### Data shown
------------------------------------------------------------------------

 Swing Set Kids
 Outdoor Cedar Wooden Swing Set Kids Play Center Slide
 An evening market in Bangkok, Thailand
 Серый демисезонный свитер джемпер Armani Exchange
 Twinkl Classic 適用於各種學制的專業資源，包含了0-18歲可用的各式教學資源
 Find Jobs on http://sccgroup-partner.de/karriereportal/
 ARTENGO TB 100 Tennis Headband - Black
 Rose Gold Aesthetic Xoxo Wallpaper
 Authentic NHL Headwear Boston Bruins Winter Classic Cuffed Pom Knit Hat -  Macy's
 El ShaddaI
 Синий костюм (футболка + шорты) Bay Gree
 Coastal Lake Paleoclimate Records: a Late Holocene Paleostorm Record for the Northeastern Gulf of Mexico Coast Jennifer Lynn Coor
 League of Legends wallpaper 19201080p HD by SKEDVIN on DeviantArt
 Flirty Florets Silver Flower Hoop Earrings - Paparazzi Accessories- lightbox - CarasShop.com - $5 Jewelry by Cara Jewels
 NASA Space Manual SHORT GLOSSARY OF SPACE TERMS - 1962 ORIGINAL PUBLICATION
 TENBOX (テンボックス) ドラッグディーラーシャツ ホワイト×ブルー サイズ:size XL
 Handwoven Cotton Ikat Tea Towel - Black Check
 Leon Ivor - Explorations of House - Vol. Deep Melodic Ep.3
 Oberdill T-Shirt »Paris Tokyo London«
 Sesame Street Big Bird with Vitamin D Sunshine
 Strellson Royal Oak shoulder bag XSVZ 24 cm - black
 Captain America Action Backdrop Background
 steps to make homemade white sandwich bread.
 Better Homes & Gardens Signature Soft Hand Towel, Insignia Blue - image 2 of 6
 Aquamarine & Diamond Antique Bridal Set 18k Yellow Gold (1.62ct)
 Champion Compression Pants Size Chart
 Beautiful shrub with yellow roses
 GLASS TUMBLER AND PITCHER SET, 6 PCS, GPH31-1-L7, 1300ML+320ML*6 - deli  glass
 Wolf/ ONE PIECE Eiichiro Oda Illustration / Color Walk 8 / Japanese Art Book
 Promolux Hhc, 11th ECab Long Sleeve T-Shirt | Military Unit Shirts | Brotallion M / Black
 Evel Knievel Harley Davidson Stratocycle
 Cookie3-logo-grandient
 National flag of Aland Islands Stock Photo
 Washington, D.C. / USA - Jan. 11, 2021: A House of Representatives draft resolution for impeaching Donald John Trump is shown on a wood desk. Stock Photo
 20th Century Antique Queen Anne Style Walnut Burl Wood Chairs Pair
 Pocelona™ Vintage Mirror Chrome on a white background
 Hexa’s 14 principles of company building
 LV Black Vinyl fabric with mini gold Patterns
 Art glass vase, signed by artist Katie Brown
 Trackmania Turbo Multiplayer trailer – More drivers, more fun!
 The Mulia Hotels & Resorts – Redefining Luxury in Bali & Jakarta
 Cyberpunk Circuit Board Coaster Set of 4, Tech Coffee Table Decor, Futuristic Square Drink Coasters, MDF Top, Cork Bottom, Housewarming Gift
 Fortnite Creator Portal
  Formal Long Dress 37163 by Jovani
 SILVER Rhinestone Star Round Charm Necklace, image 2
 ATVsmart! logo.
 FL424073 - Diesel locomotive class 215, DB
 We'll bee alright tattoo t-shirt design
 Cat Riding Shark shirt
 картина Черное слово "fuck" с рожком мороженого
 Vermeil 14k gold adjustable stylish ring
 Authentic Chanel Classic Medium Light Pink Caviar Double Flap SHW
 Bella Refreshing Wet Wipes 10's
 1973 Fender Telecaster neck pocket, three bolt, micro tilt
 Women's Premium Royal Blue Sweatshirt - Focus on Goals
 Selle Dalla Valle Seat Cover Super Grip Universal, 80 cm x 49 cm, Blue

------------------------------------------------------------------------

Would you print, exactly as written, every line above from the one holding "LV Black Vinyl" through the one holding "Vermeil 14k gold adjustable stylish ring", with both included and no other lines?

### Answer to this task
 LV Black Vinyl fabric with mini gold Patterns
 Art glass vase, signed by artist Katie Brown
 Trackmania Turbo Multiplayer trailer – More drivers, more fun!
 The Mulia Hotels & Resorts – Redefining Luxury in Bali & Jakarta
 Cyberpunk Circuit Board Coaster Set of 4, Tech Coffee Table Decor, Futuristic Square Drink Coasters, MDF Top, Cork Bottom, Housewarming Gift
 Fortnite Creator Portal
  Formal Long Dress 37163 by Jovani
 SILVER Rhinestone Star Round Charm Necklace, image 2
 ATVsmart! logo.
 FL424073 - Diesel locomotive class 215, DB
 We'll bee alright tattoo t-shirt design
 Cat Riding Shark shirt
 картина Черное слово "fuck" с рожком мороженого
 Vermeil 14k gold adjustable stylish ring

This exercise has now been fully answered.